Dave McComb: The main traits are a semi-isolated, relatively small team that is not subject to an immediate payback every quarter.
Somehow these guys have gotten set aside. They still have to deliver something every three to six months, but it's a small team over a long period of time. The Montefiore one was in the works for five or six years, at least. The Standard & Poor's one, almost 20 years. It's not one project that takes several years. It's every few months, there's more progress and value and deliverables, but it's a journey. It's going to take a long time to unwind all those silos and legacy systems.
Patrick Coughlin: It seems like this would lend itself well to enterprise security organizations, but enterprise security is late to this game. Why is it that?
Dave McComb: For the same reasons that almost everyone else is late to the party. There's not a lot of people in this party yet, and the people that are in it are about dealing with the complexity. They don't necessarily want to fix it.
Patrick Coughlin: You bring up this idea in your book of the high priests of complexity. What does that mean?
Dave McComb: Let’s say you start to build a spreadsheet and you keep adding stuff on and it gets more and more complex. You will almost always go just to the edge of where you can understand it and it's just about broken, but the edge that you go to is way beyond the edge of the next person you give it to. So you've worked on it for months, you give it to somebody else who's going to try and understand it in days or hours now which makes them reliant on you to repair it, and you ramp that up, not just at the spreadsheet level, but at the systems level.
The way we design, deal, think about, and integrate systems is that every smart person is working at the edge of their complexity frontier. They're dealing with as much complexity as they possibly can, with 10 hours a day, six days a week, and then they hand it off to somebody else who can't follow it. It happens everywhere.
Part of the problem is, with somebody who's wrestled with all that complexity for years, it's hard to convince them that it could actually be simpler.
Patrick Coughlin: What trends are you seeing that you're excited about? Are you reading any good books lately?

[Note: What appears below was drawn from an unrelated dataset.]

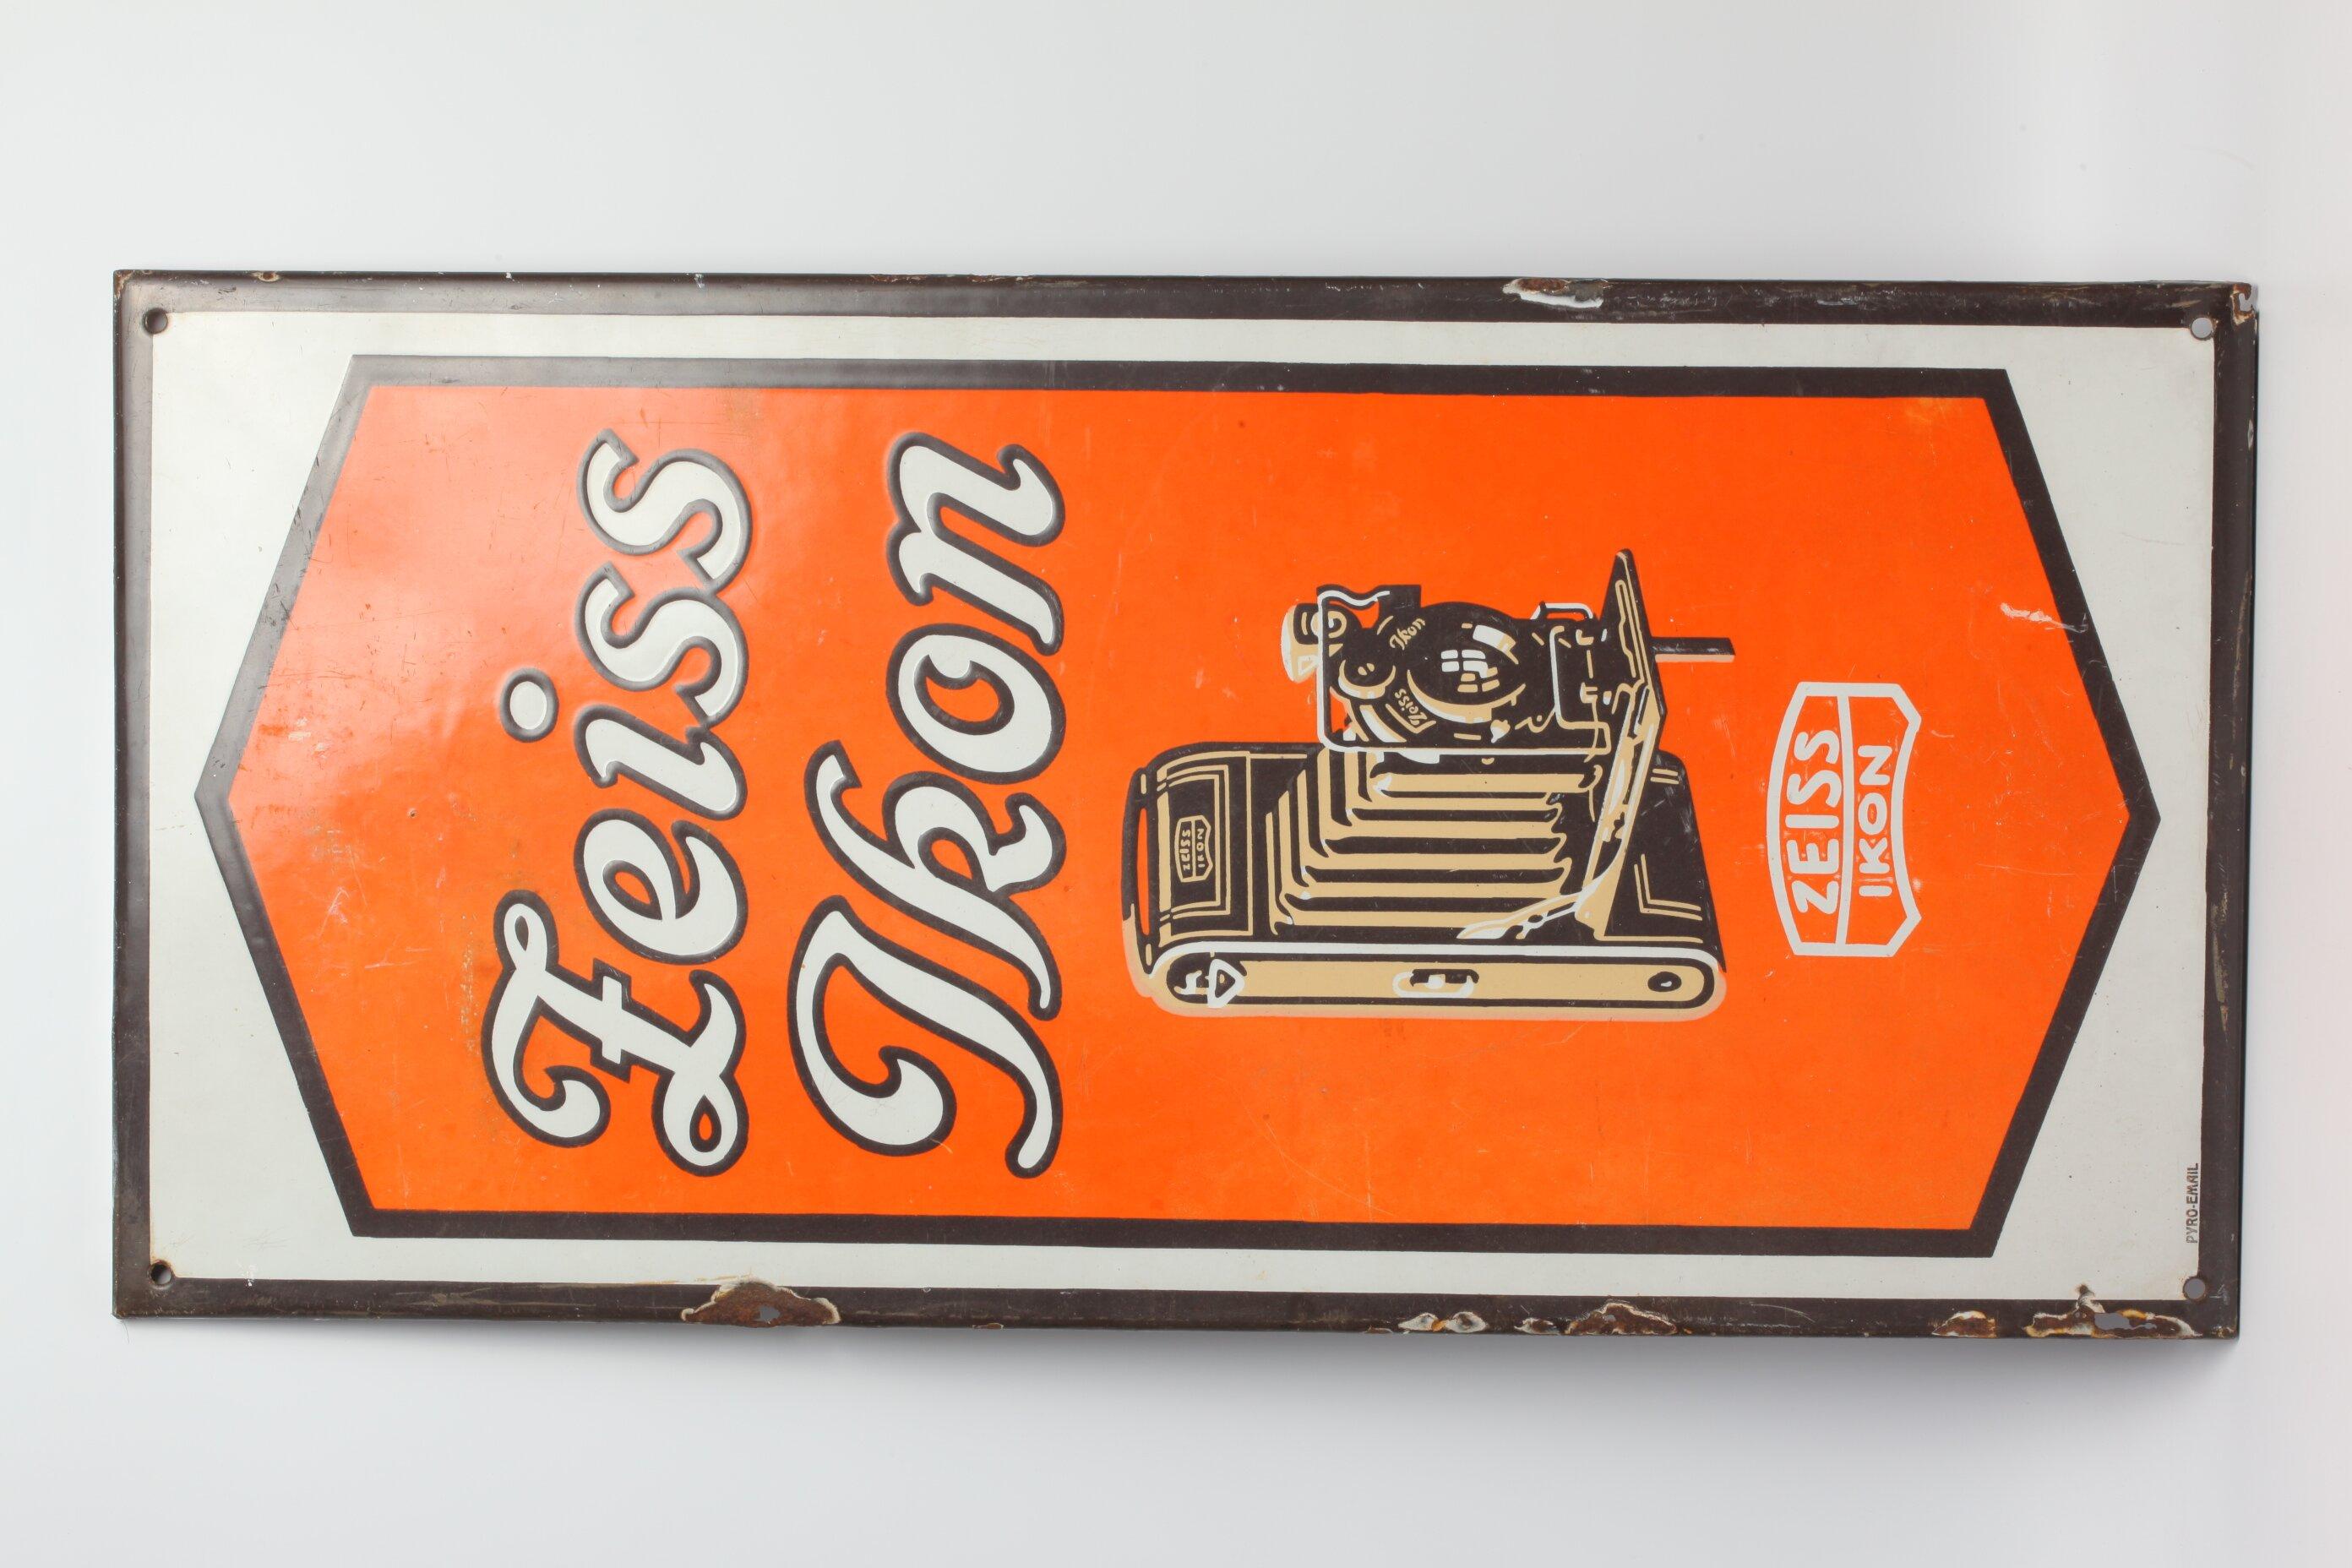 Zeiss Ikon Werbeschild Kamera viereckig Blech

Dave McComb: Obviously one is blockchain. I think there are some applications where an immutable ledger totally makes sense. There are some firms now who are combining knowledge graphs with blockchain which I think is a neat combo.
There are so many parallels between collective intelligence and extended minds, and what we wrestle with in security and risk every day. To that end, I'm reading two books at the moment, one is called The Thousand Brains Theory by Jeff Hawkins, whose original claim to fame was inventing the PalmPilot. He's secretly always wanted to be a neuroscientist, and has dedicated the last 20 years trying to figure out how cognition really works. He has a company called Numenta which has been studying how neurons are wired in cortical columns and how they're organized.
The other book is called Consciousness In The Brain, which is about specific work done with stimulus and threshold to try and figure out what consciousness actually is.
It turns out that most of your brain is an incredible parallel processor attending thousands of things simultaneously. Until something rises to the point of attention where you're giving conscious attention in that moment, there's a different part of the brain that will only attend to one thing at a time. Thinking about this in terms of the Internet of Things and smart cities, you really want an architecture that is mostly doing a lot of parallel processing at the edges, and only occasionally passing a condensed message but doing it in a way, such that if the central intelligence needed to drill down, you go right back down to the source without any translation.